Just reproduced it again with: ParallelAccelerator at https://github.com/IntelLabs/ParallelAccelerator.jl/commit/1a5cbddf48194694b5ac3901ff0da846c4e56fdd CompilerTools at https://github.com/IntelLabs/CompilerTools.jl/commit/0eb30bc2ab252122aeb7ba0f35cb3419397d9eac Julia at 0.4.6
This time I got "failed to precompile Images" as well as Colors:
Pkg.update()
using ParallelAccelerator
importall ParallelAccelerator
ParallelAccelerator.embed()
# restart julia
include("/home/lkuper/.julia/v0.4/ParallelAccelerator/examples/gaussian-blur/gaussian-blur.jl")
# recompiling .ji files; lots of warning messages about incremental compliation being broken
ERROR: LoadError: LoadError: error compiling convert: error compiling cnvt: error compiling invert_rgb_compand: Unsupported Float Size
in include at ./boot.jl:261
in include_from_node1 at ./loading.jl:320
in include at ./boot.jl:261
in include_from_node1 at ./loading.jl:320
[inlined code] from none:2
in anonymous at no file:0
in process_options at ./client.jl:257
in _start at ./client.jl:378
while loading /home/lkuper/.julia/v0.4/Colors/src/algorithms.jl, in expression starting on line 66
while loading /home/lkuper/.julia/v0.4/Colors/src/Colors.jl, in expression starting on line 28
ERROR: LoadError: Failed to precompile Colors to /home/lkuper/.julia/lib/v0.4/Colors.ji
in error at ./error.jl:21
in compilecache at loading.jl:400
in require at ./loading.jl:240
in include at ./boot.jl:261
in include_from_node1 at ./loading.jl:320
[inlined code] from none:2
in anonymous at no file:0
in process_options at ./client.jl:257
in _start at ./client.jl:378
while loading /home/lkuper/.julia/v0.4/Images/src/Images.jl, in expression starting on line 25
ERROR: LoadError: Failed to precompile Images to /home/lkuper/.julia/lib/v0.4/Images.ji
in error at ./error.jl:21
in compilecache at loading.jl:400
in recompile_stale at loading.jl:476
in _require_from_serialized at loading.jl:83
in _require_from_serialized at ./loading.jl:109
in require at ./loading.jl:235
in include at ./boot.jl:261
in include_from_node1 at ./loading.jl:320
while loading /home/lkuper/.julia/v0.4/ParallelAccelerator/examples/gaussian-blur/gaussian-blur.jl, in expression starting on line 28
Here's a more minimal repro, at least:
julia> using FixedPointNumbers
julia> ufixed8(0.5)+0.5
ERROR: error compiling +: Unsupported Float Size
julia> @code_typed ufixed8(0.5)+0.5
1-element Array{Any,1}:
:($(Expr(:lambda, Any[:x,:y], Any[Any[Any[:x,FixedPointNumbers.UFixed{UInt8,8},0],Any[:y,Float64,0]],Any[],Any[],Any[]], :(begin # promotion.jl, line 167:
return (Base.box)(Base.Float64,(Base.add_float)(x::FixedPointNumbers.UFixed{UInt8,8},(Base.box)(Float64,(Base.sitofp)(Float64,y::Float64))))
end::Float64))))
Superficially, it looks like it's trying to use code optimized for Float64 + Int
for UFixed8 + Float64
arguments.
Good, thanks. I see the same behavior. Why would including PA into the system image cause this?
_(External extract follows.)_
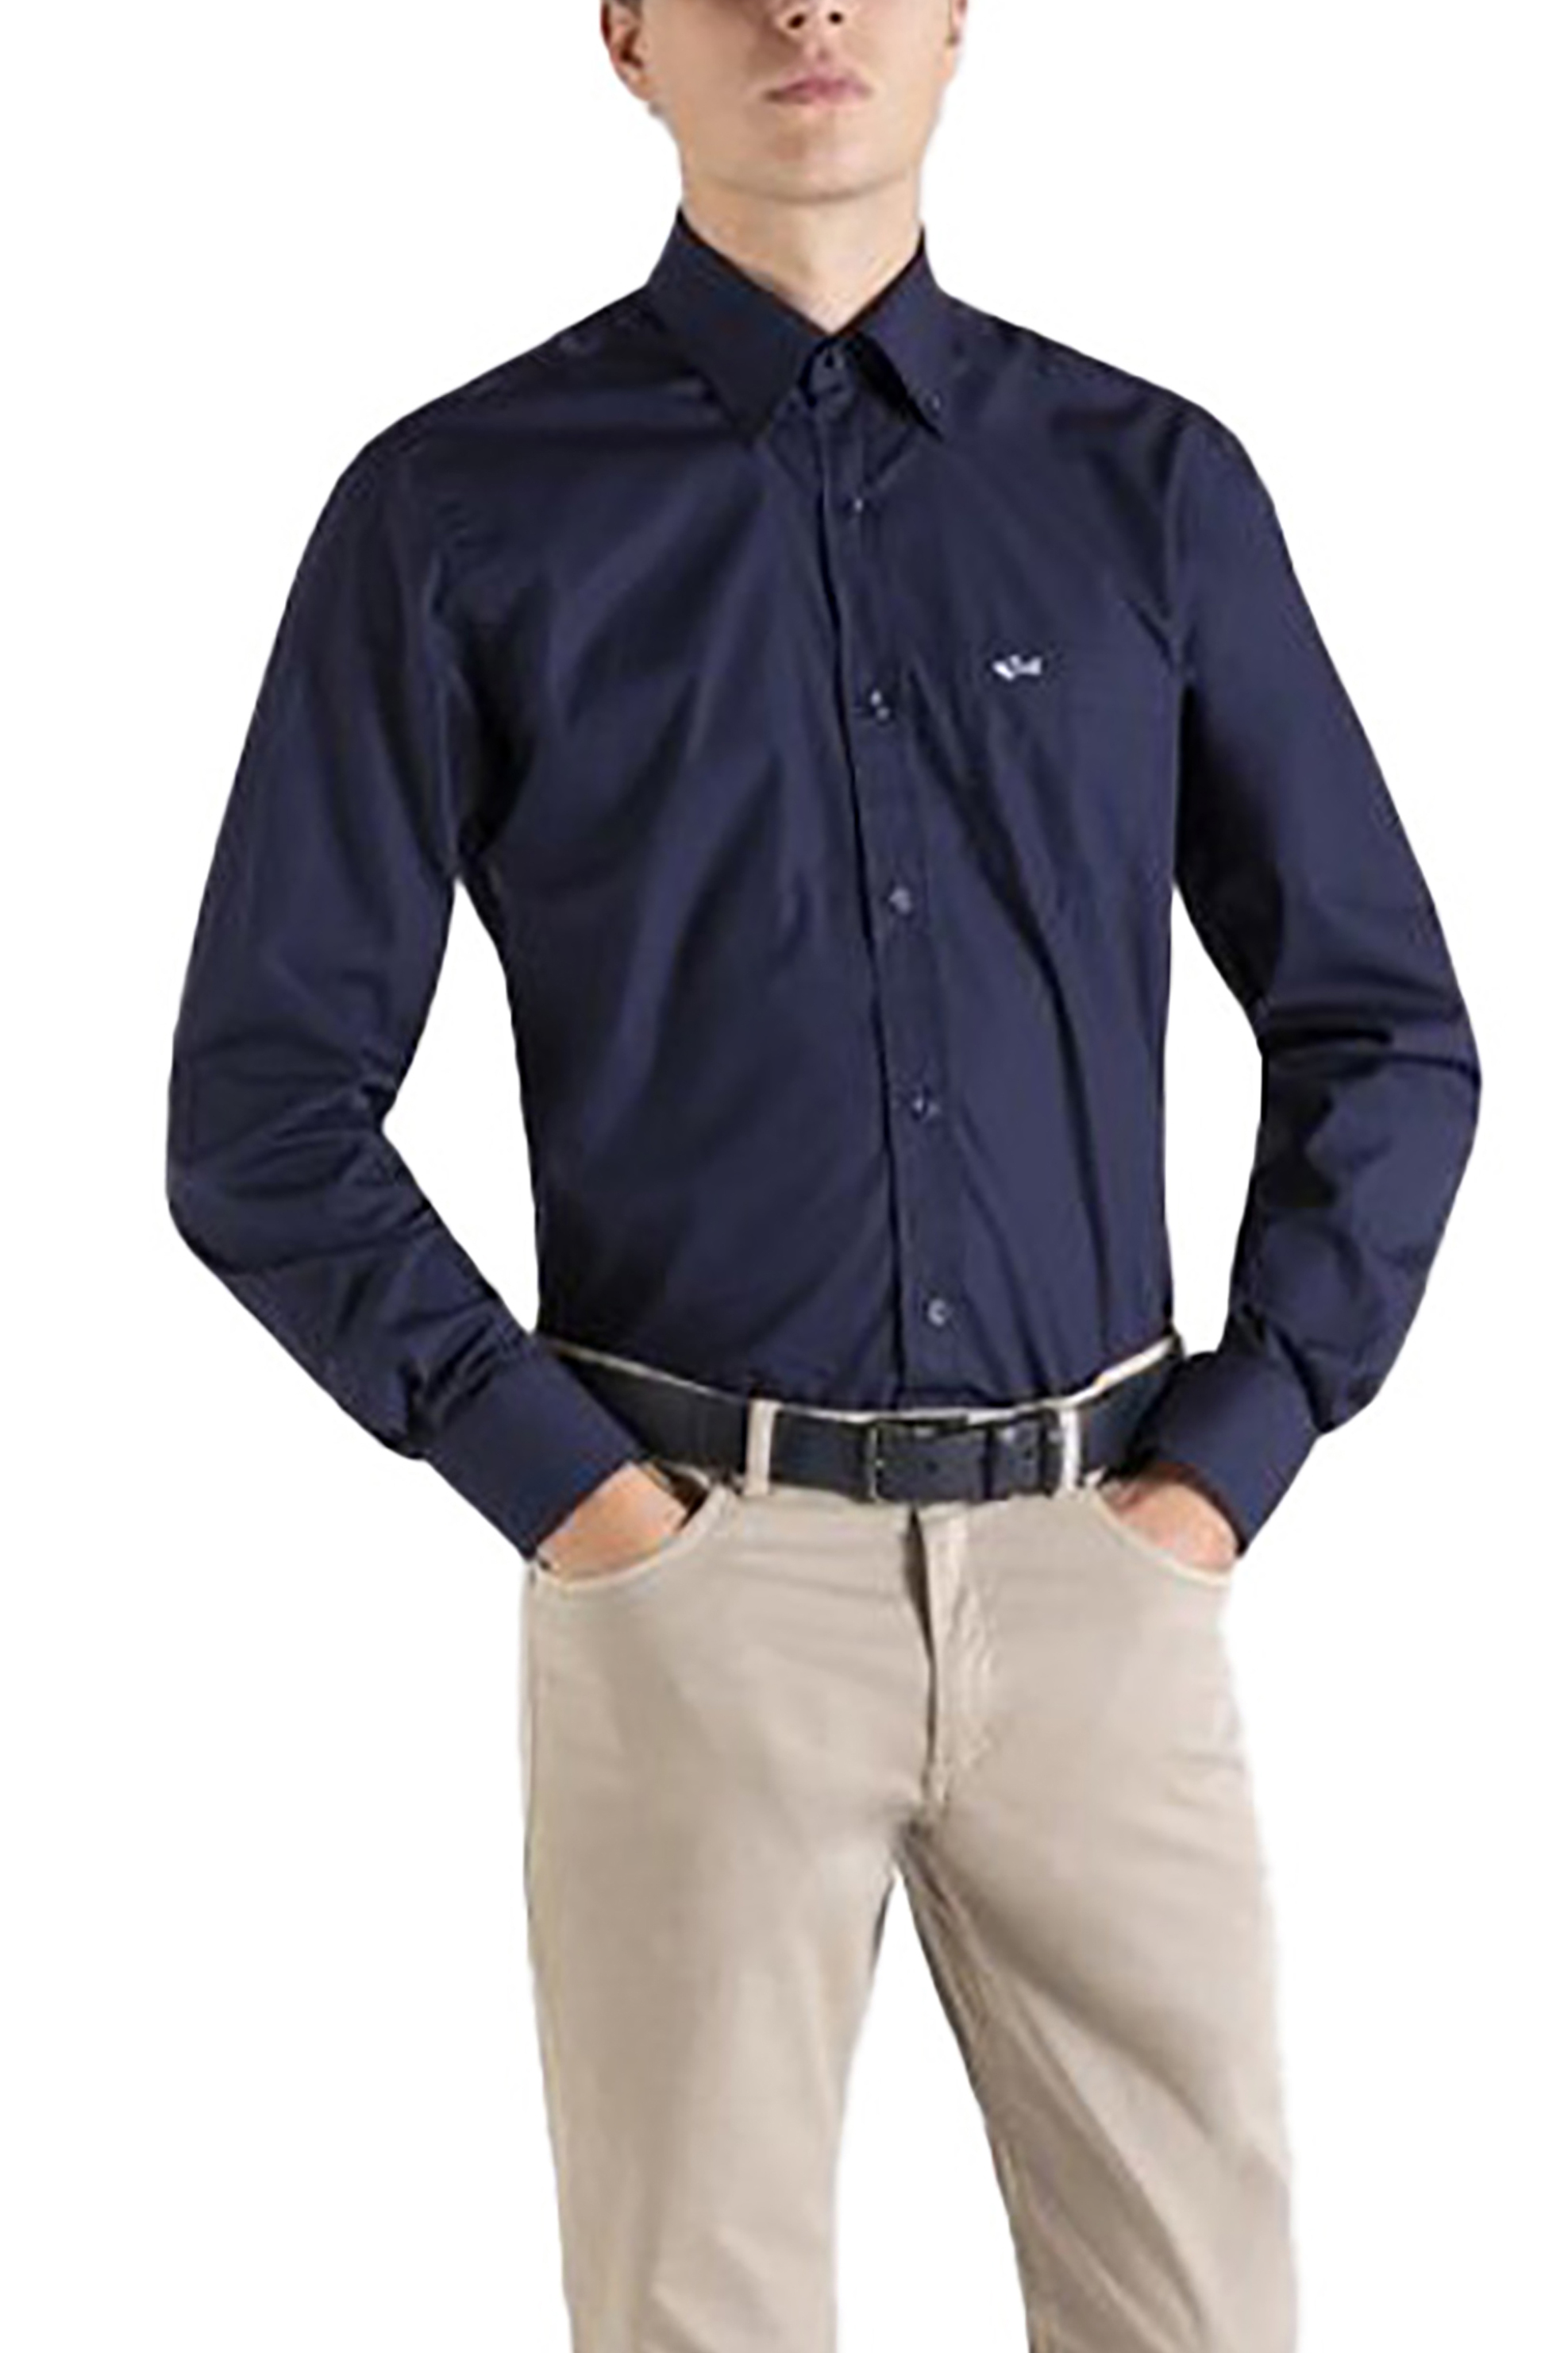 Ανδρική Μόδα > Ανδρικά Ρούχα > Ανδρικά Πουκάμισα > Ανδρικά Πουκάμισα Casual Paul&Shark ανδρικό πουκάμισο μονόχρωμο με απλικέ τσέπη - C0P3001 Μπλε Σκούρο

I don't know yet; it certainly shouldn't cause it. It gets weirder:
julia> m = @which 1 + false
+(x::Number, y::Number) at promotion.jl:167
julia> m.func.code
AST(:($(Expr(:lambda, Any[:x,:y], Any[Any[Any[:x,Float64,0],Any[:y,Int64,0]],Any[],Any[],Any[]], :(begin # promotion.jl, line 167:
return (Base.box)(Base.Float64,(Base.add_float)(x::Float64,(Base.box)(Float64,(Base.sitofp)(Float64,y::Int64))))
end::Float64)))))
It looks like the original definition of this method of +
has been overwritten.
@ninegua Do you know what's going on here?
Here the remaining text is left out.